Friday, March 12, 2010

The Refashioned Dress

Project: The Refashioned Dress
Goals: to make a dress I can actually wear out of the house

Well, I've finished the dress. The dress which I started last night. After rereading my posts I've discovered that I can be a bit negative about things. I mean, I've had the machine for less than a week and I've done quite a bit with it: the cardi, the skirt mending, the zipper, the board marker ball, and now this dress. The problem is I've become quite frustrated with myself for not being better at what I'm doing. After thinking about it (while wearing the dress at one of its less-finished stages) I've decided I'm going about this all wrong. I need to do small projects, build up my confidence and skill, and then go into doing bigger ones.

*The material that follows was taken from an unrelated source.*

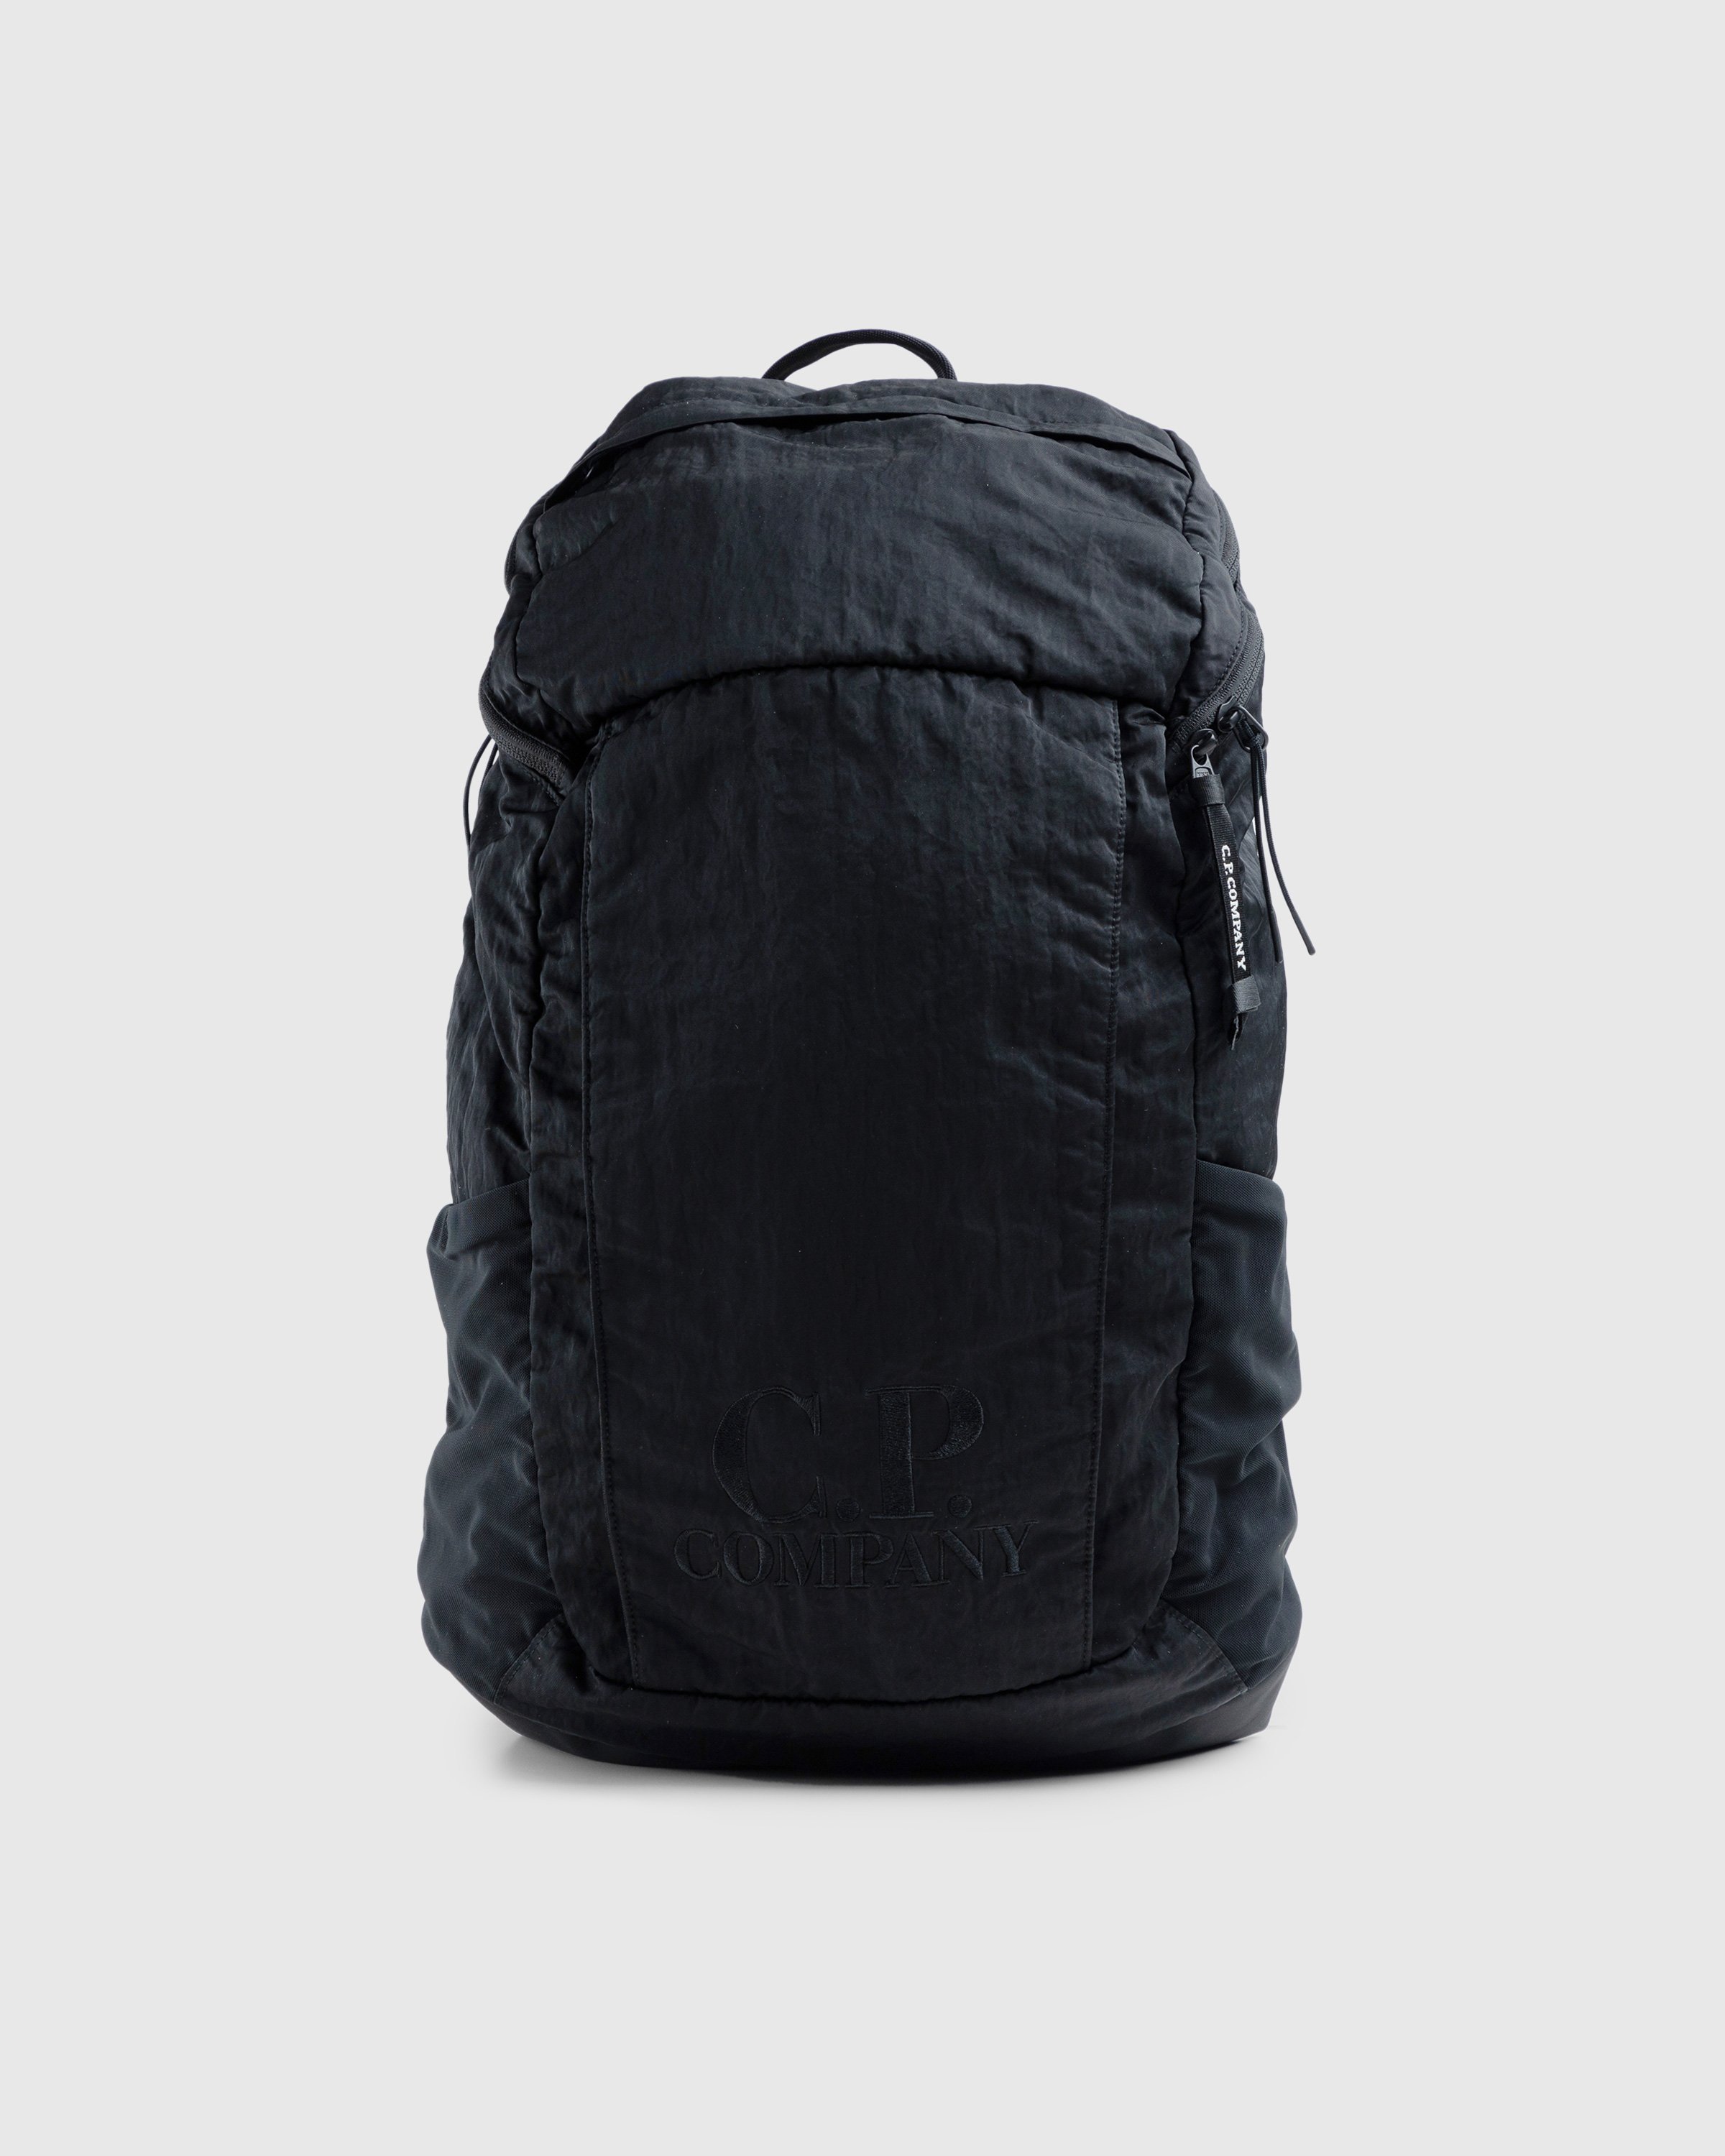 C.P. Company - Nylon B Backpack Black - Accessories - Black - Image 1

That said I still felt obliged to finish the dress.

Okay, now that my self-analysis/pep-talk is over I can get to the dress. The plan for this dress was to take this pink number
and couple it with this skirt I bought it at Texas Thrift, which I thought would be cute to cinch with a belt and boom instant strapless dress. The problem was that the elastic at the top of the skirt did a wonderful job of digging into my chest, so it looked odd. I was going to still keep the pink M&S dress as the exterior of the dress but line it with the skirt, then make some straps. As you'll see, the final results were pretty much the opposite (not literally, though; I don't even know what that would look like).

First I'd like to mention that the brand of the skirt was "Phool."








Okay, so I cut the elastic waistband off and then I cut along one of the seams. This is how much fabric I had to work with, aka "tons".












I pinned the dress to where I wanted to sew (the idea was to sew the top panel of the skirt to the top panel of the dress). I was quite pleased with myself here but I should've realized that my careful planning could not and did not take into account my new greatest foe: stretchy fabrics. I HATE THEM.




So what happened next? Well, I did one half of the dress by keeping the pink dress taut, because I figured the elasticity would hold. Well, it doesn't. Also my stitches went all wonky. Here I became annoyed, but I soldiered on. I finished the stitching (because of my obsession with keeping the pink dress taut to try and keep it stretchy I didn't have enough skirt to line the dress) and tried the dress on. Disaster. You know how when you look in your closet and you see something you haven't worn in ages and you're like "why don't I wear that anymore? It's soooo cute" and you put it on and there's always something that makes you go "ohhhhhhhhhh that's right" and you hastily take it off? Yeah, this pink dress was one of those items (as you can see from the before picture). With the lining of the skirt it became even worse. I was pretty close to devastated. I mean, my goodness. Why can't at least one thing I make turn out the way I want it to?

It was at this point that I stopped taking pictures because I got so annoyed with everything that had to do with everything. On a whim I turned the dress inside out and realized, "Hey, wait a second... this doesn't look half bad." The pattern of the skirt hid my horrible stitches and actually looked fairly decent.

The only problem was that it didn't close completely (because of the point above about running out of skirt fabric). So I took the dress off and stitched up the lower part, which came out surprisingly okay.





For the next step I stitched up the top half. The upper "hem" is a little uneven because I haven't sewn it but to be honest I don't have much faith in my sewing abilities right now and I'm terrified to ruin the dress. So, here's the before and after:


I cinch it with a belt, obviously, so in a poetic fashion the skirt has now reached the potential I saw in it earlier this year. I don't hate it at all. I tried to take a picture of the back but this was the best shot I came up with:

My god but I have a lot of hair. The back isn't fantastic so I plan on wearing this dress with a cardigan; I'm fairly certain cardigans were invented for this exact reason.

Here's a picture of the dress on my bed:
Anyway, I'm making a promise to myself to not be so overambitious. My next project will be a Morsbag which I think i can do with little to no fuss from the rest of the fabric of the skirt (I'm putting off the apron for now).